|Your 2012 MLB Comeback Players of the Year. (US Presswire)|
MLB.com has revealed its Comeback Player of the Year for both the National and American Leagues. The NL winner is Giants catcher Buster Posey, while the AL winner is Rays closer Fernando Rodney. Rodney was also named the website's Delivery Man of the Year.
These awards are not BBWAA awards (like MVP, Cy Young, etc.). Those awards will be revealed in November. The Comeback Player of the Year and Delivery Man of the Year are voted upon by the 30 MLB.com team beat writers. The main part of the criteria of the Comeback Player award is that it goes to the player who has best "re-emerged on the baseball field during a given season."
Rodney, 35, had 48 saves in 50 chances with a record-setting 0.60 ERA. He also had a 0.78 WHIP and 76 strikeouts in 74 2/3 innings. It was the first time in history a reliever had at least 40 saves with an ERA and WHIP below 1.00 while also striking out at least a hitter per inning. So he was an easy pick for the Delivery Man award, which is given to the best reliever in baseball.
Posey, 25, hit .336/.408/.549 with 24 homers, 103 RBI, 39 doubles and 78 runs for the NL West champion Giants. He was returning this season from a broken leg suffered in May 2011 on an ugly collision at home plate. He's also considered a frontrunner for the NL MVP, so this seems like an easy choice.
Back to Rodney, the argument can't be that he's undeserving based upon the numbers he put up. The numbers are insane and he'll likely get some attention in AL Cy Young voting (though I don't think he'll win). The argument against Rodney winning the Comeback Player instead will come down to criteria. Specifically, what each individual person believes "re-emerged" means.
Rodney didn't have a major injury in 2011. He just sucked. And he hadn't been especially good since about 2005. His ERA from 2007-11 was 4.42. His WHIP in that timespan was an ugly 1.50. And he was never a star until this season. So did he just emerge or "re-emerge?"
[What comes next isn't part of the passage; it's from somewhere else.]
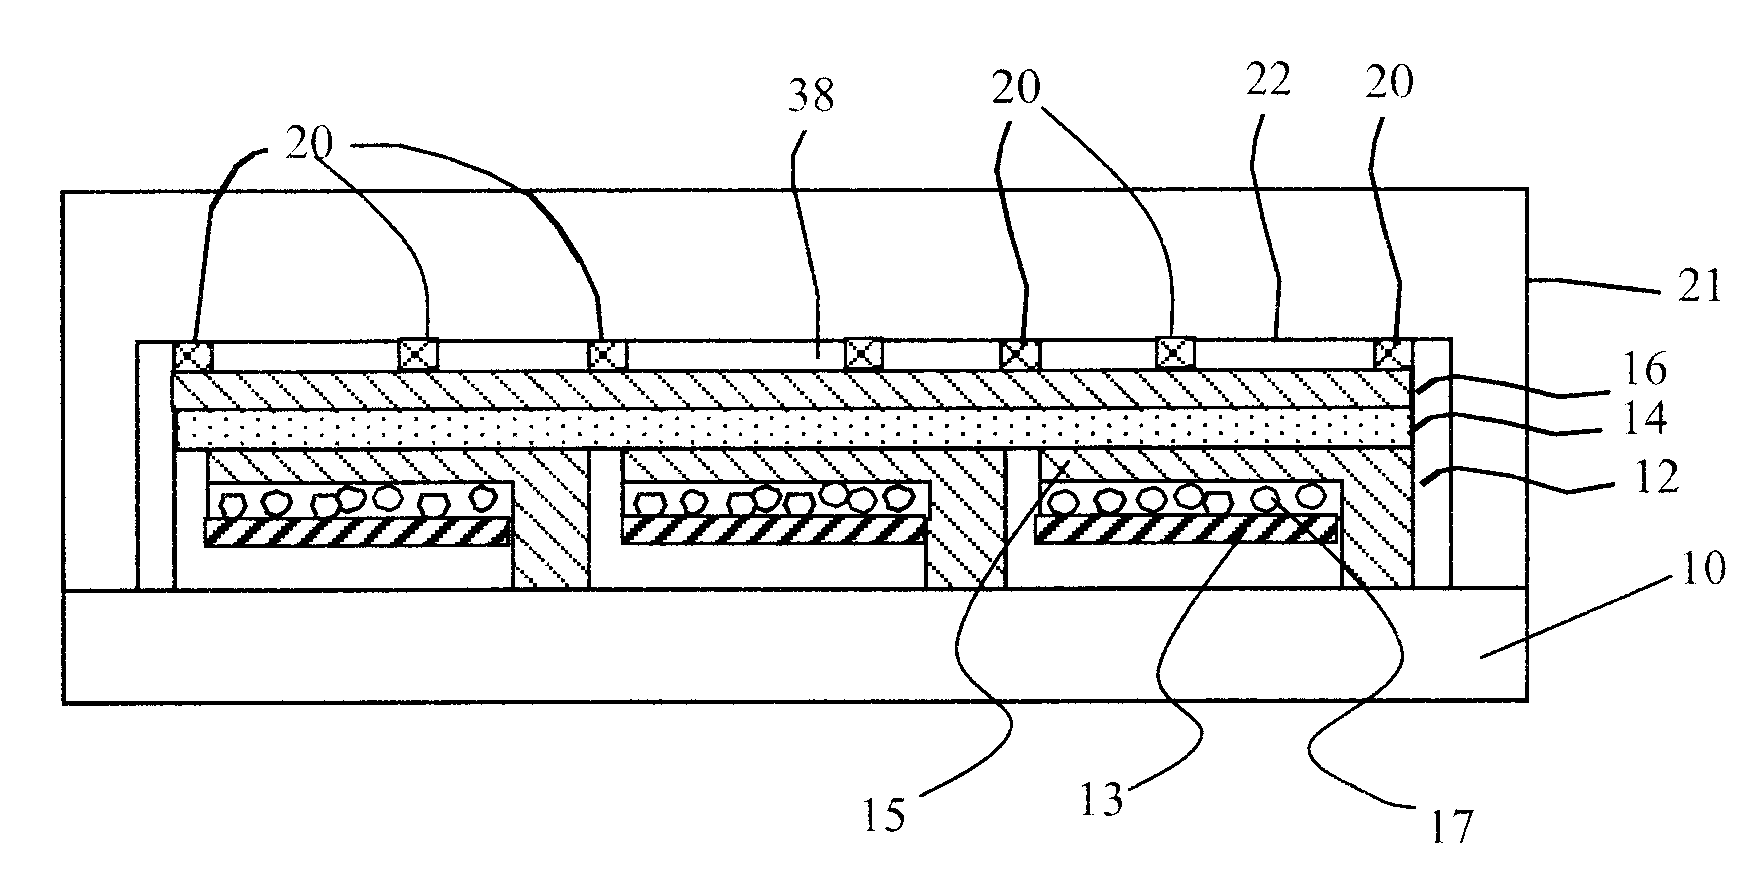 Electroluminescent device having improved power distribution
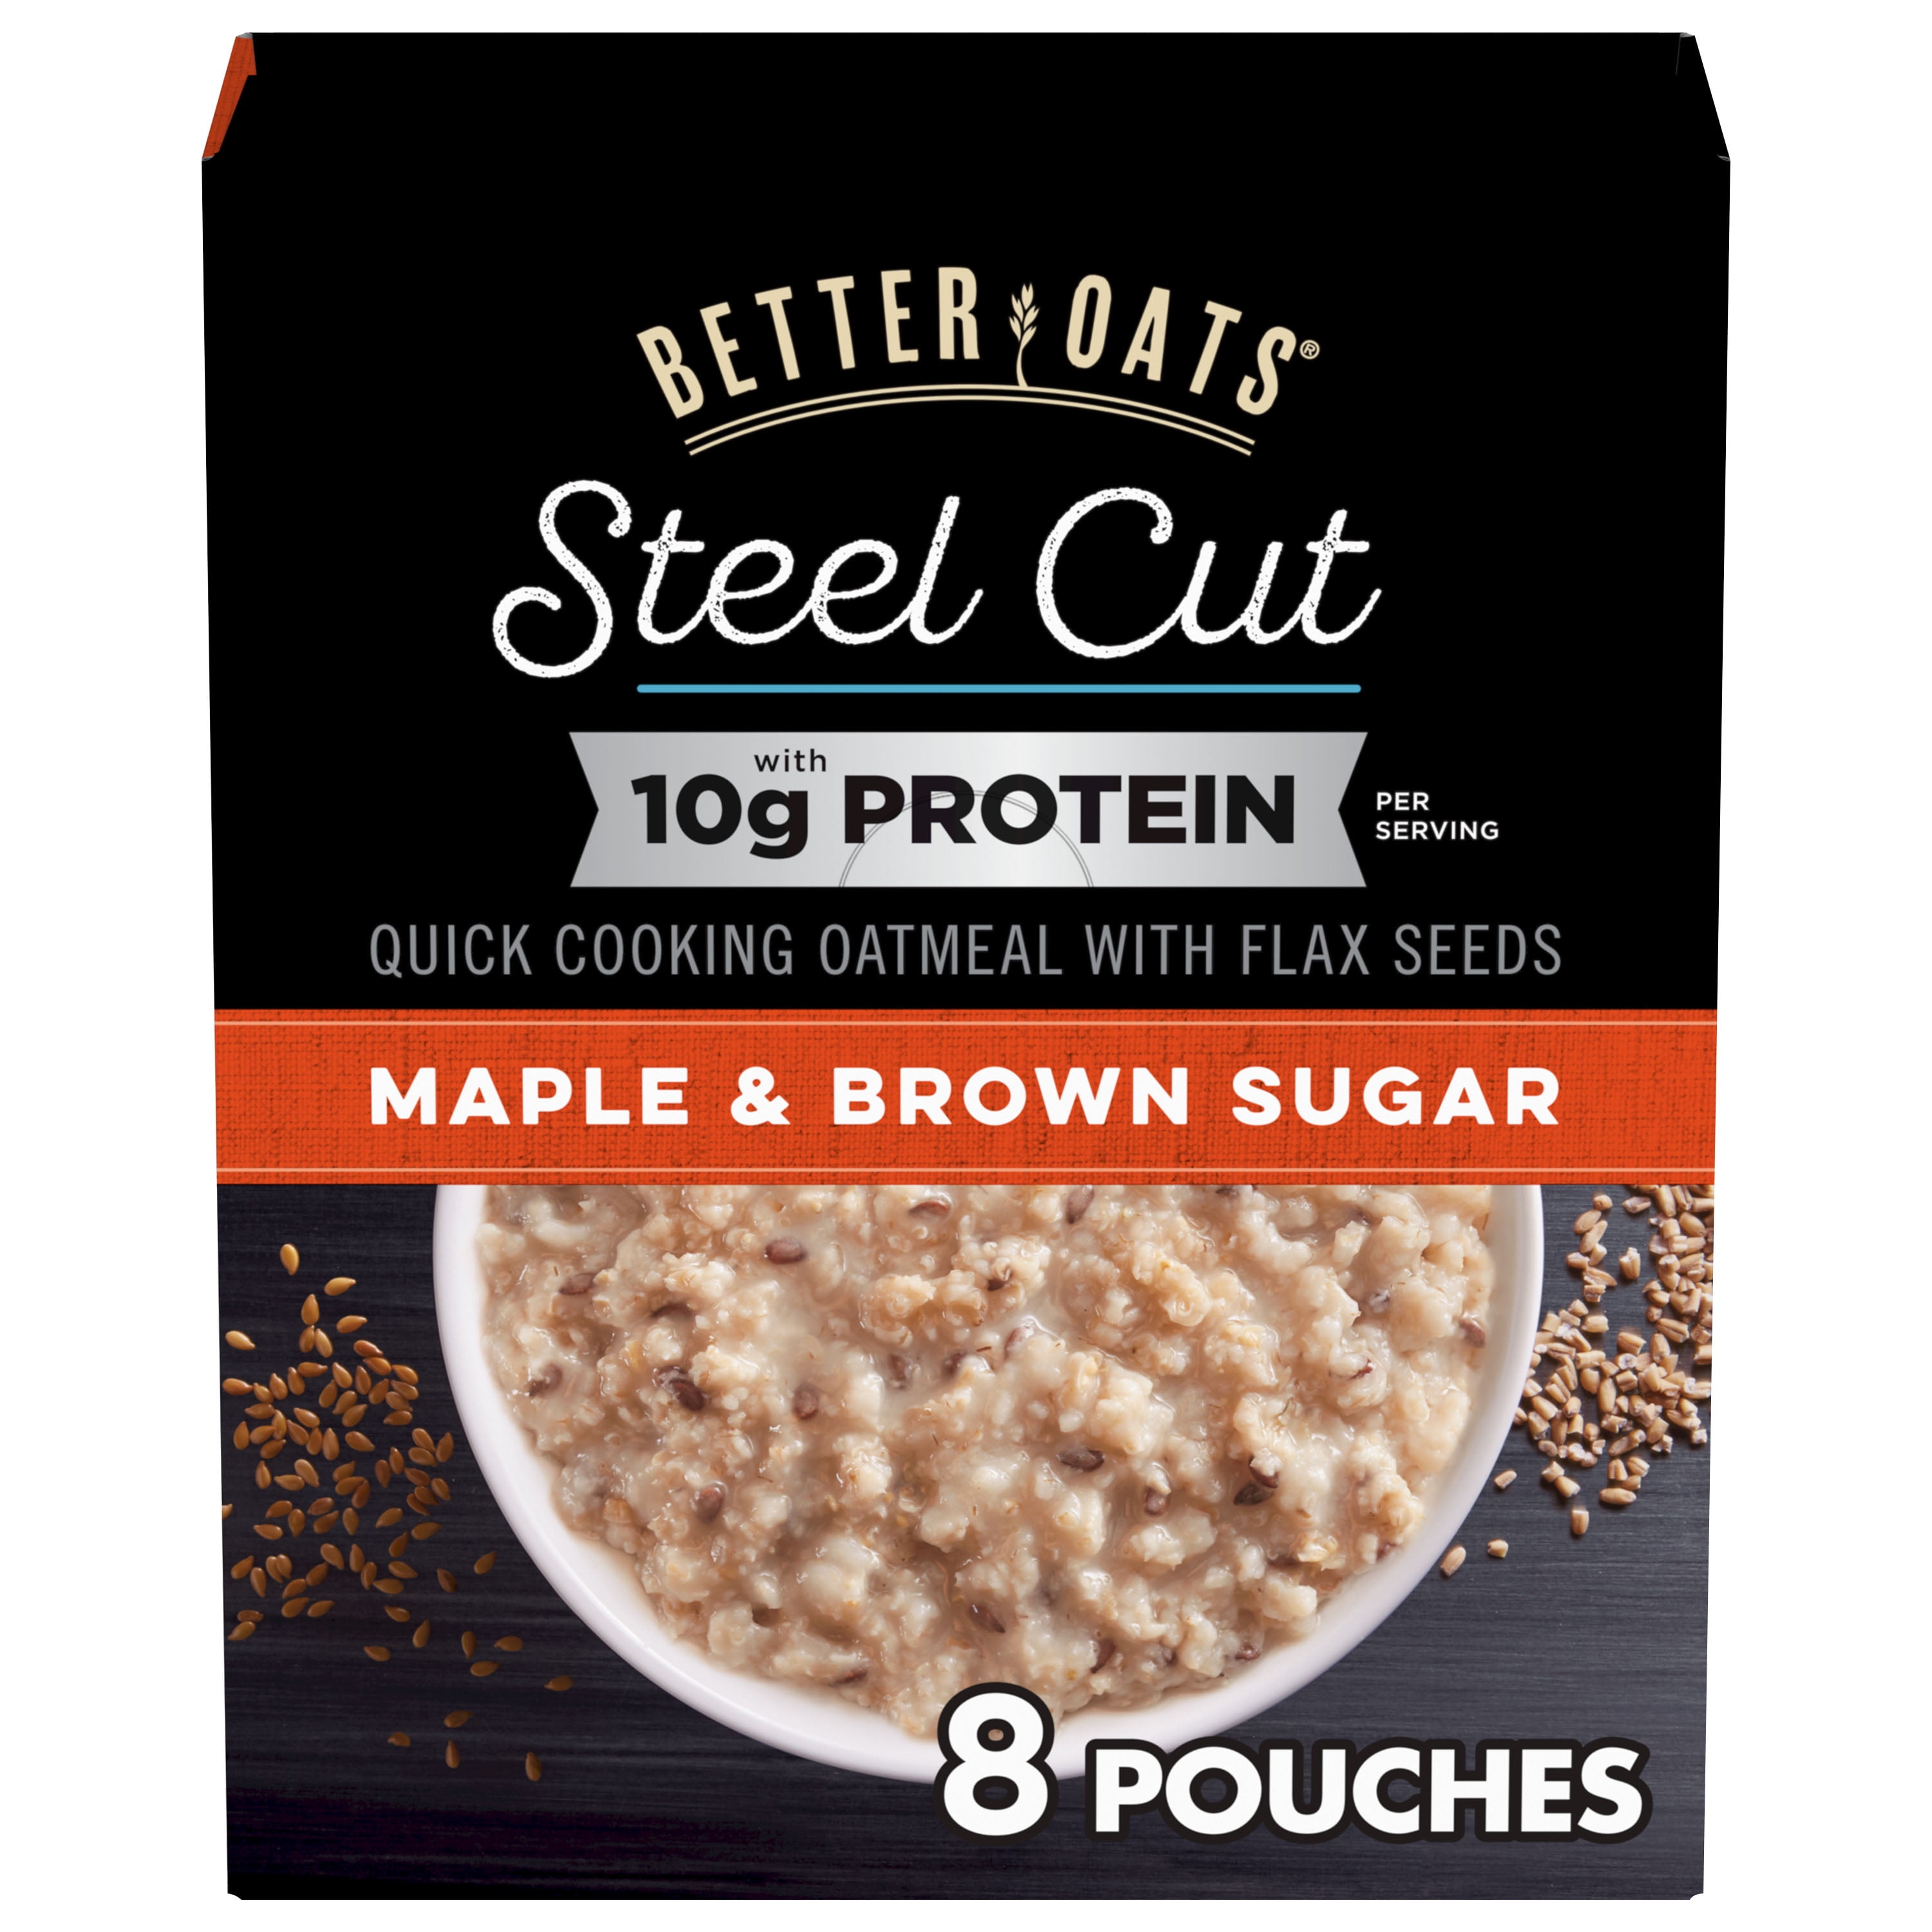  Better Oats Steel Cut Maple Brown Sugar Instant Oatmeal with  Flax 15.1 oz. Box (01791) : Grocery & Gourmet Food

Depending upon definition of "re-emerged," Joe Mauer, Adam Dunn and Alex Rios all would have cases. Mauer battled several injuries to the worst season of his career in 2011, but he was back to being vintage Mauer this season. Dunn battled a historically bad season in 2011, while Rios wasn't much better, and both returned to form for the White Sox this year.
Still, the word "re-emerged" is pretty open to interpretation. Thus, if you disagree with the Rodney pick, you probably disagree with how the term has been applied by the good folks over at MLB.com.